Crossing Parallells, Korea, installation view.

Crossing Parallels

Seoul  2003

 

Despite technical globalization, Korean and New York art cultures remain alien. Close communication between these distanced artists is almost non-existent. By creating a link between both cultures through our chosen artists I hope to extend cultural communities to remote regions of the globe.

In Crossing Parallels, seven artists are selected from Seoul and seven artists are selected from New York City to conceive, collaborate and fabricate completely new works for each of two exhibits. The fourteen artists are cross grouped by nationality in pairs as teams. They will be collaborating on new works for two exhibitions in locales where they  are all physically present for the openings. Prior to meeting and fabrication,

the artists communicate weekly by telephone, fax and email from their studios.
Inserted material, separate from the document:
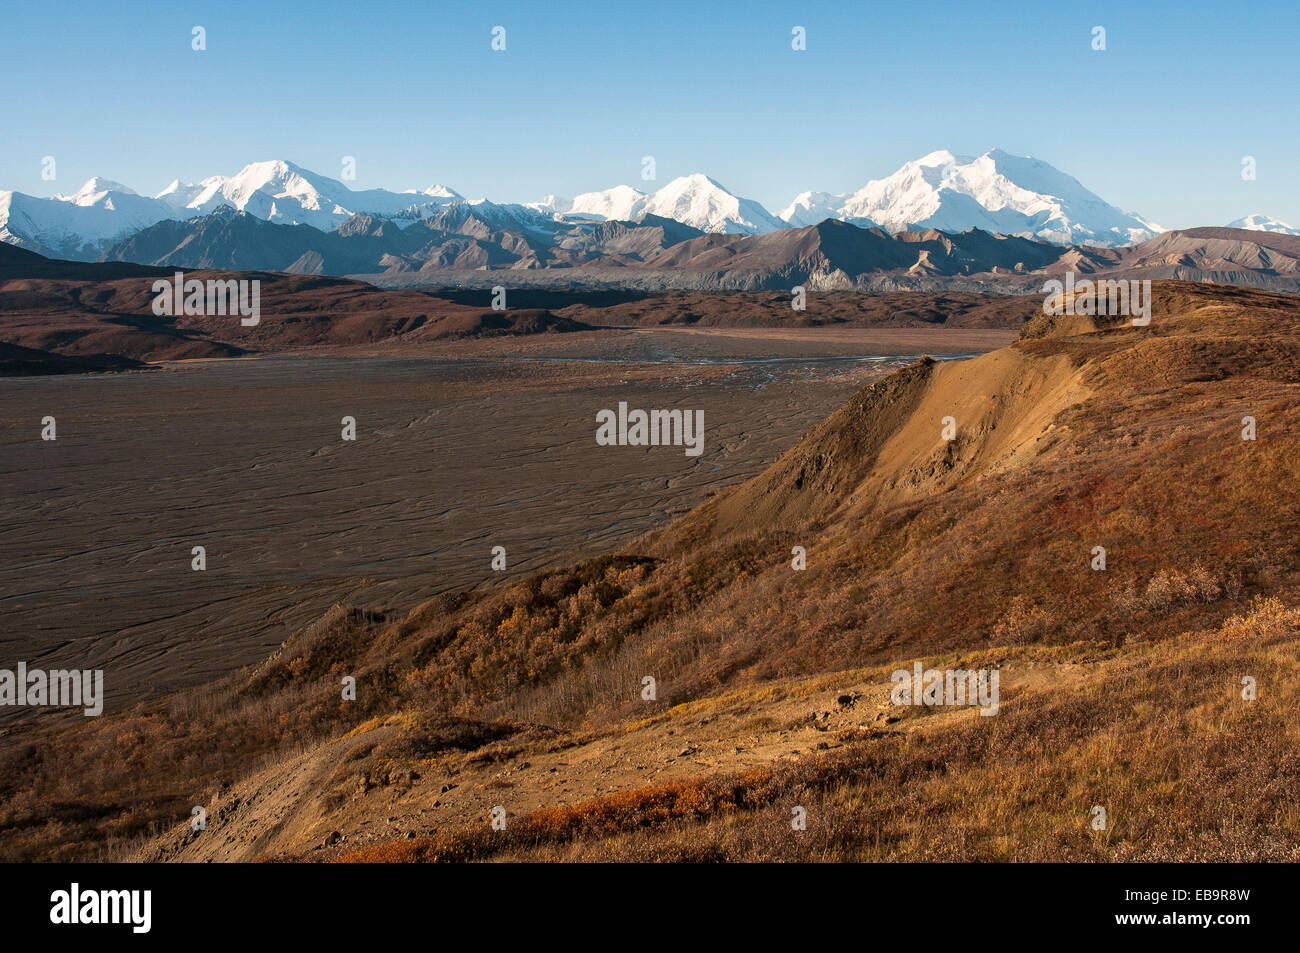 Alaska Range with Mount McKinley, Denali National Park, Alaska, United States Stock Photo

A clean exchange of ideas both of personal and specialized nature is a goal. By flying seven artists from New York City to SSamzie Space in Seoul and then seven artists from Seoul to Lance Fung Gallery in New York City, physical meetings and production cycles are experienced against crossed contexts. The clash of cultures leaves these teams with uneven values across global space. The first exhibit of Crossing Parallels opens in Seoul and the second exhibit opens in New York City. Our result is evaluated when the second term of the project finalizes at the New York City opening. One must have access to both shows to read Crossing Parallels.

My curatorial role is to intensify a micro-culture where each of the participating artists experiences new challenges, common goals naturally emerge as production outstrips cultural habits and unites our participants through practice. The special paradigm of foreigner/native adds a dimension that cuts to the core of issues in global expansion. I hope to expose the protocols of both roles through Crossing Parallels. Perhaps the project will re-organize each artist’s culturally codified sense of self. This underlying paradigm is primary to Crossing Parallels as the goal of repositioning an appreciation of life and art is a premise of the entire undertaking. The natural bonding that can occur when common targets are scoped within non-homogenous collaborations is a background goal on a curatorial level as well.

With all this said as curator, I now take the risk that an exhibition must emerge in the end. However, an equally challenging paradigm shift is posed for myself – my own cultural growth being thereby fed – the project/result set is rejected in favor of an indeterminate outcome. This allows a very different model to what standard curatorial protocol usually yields as product.  A value-space is my location within the exhibition. The cliche evaluation of “good” product, that hangs from the lips of culturally hypnotized art participants must be minimized through the solidarity of parallelism in curatorial practice. Curating this particular value-space, I parallel the artist’s hightened awareness and knowledge of site-specificity, unleashing dynamic, powerful, and intelligent artists through a linked approach. Inevitably, curator, artist, and viewer all experience something unexpected and wonderful in Crossing Parallels.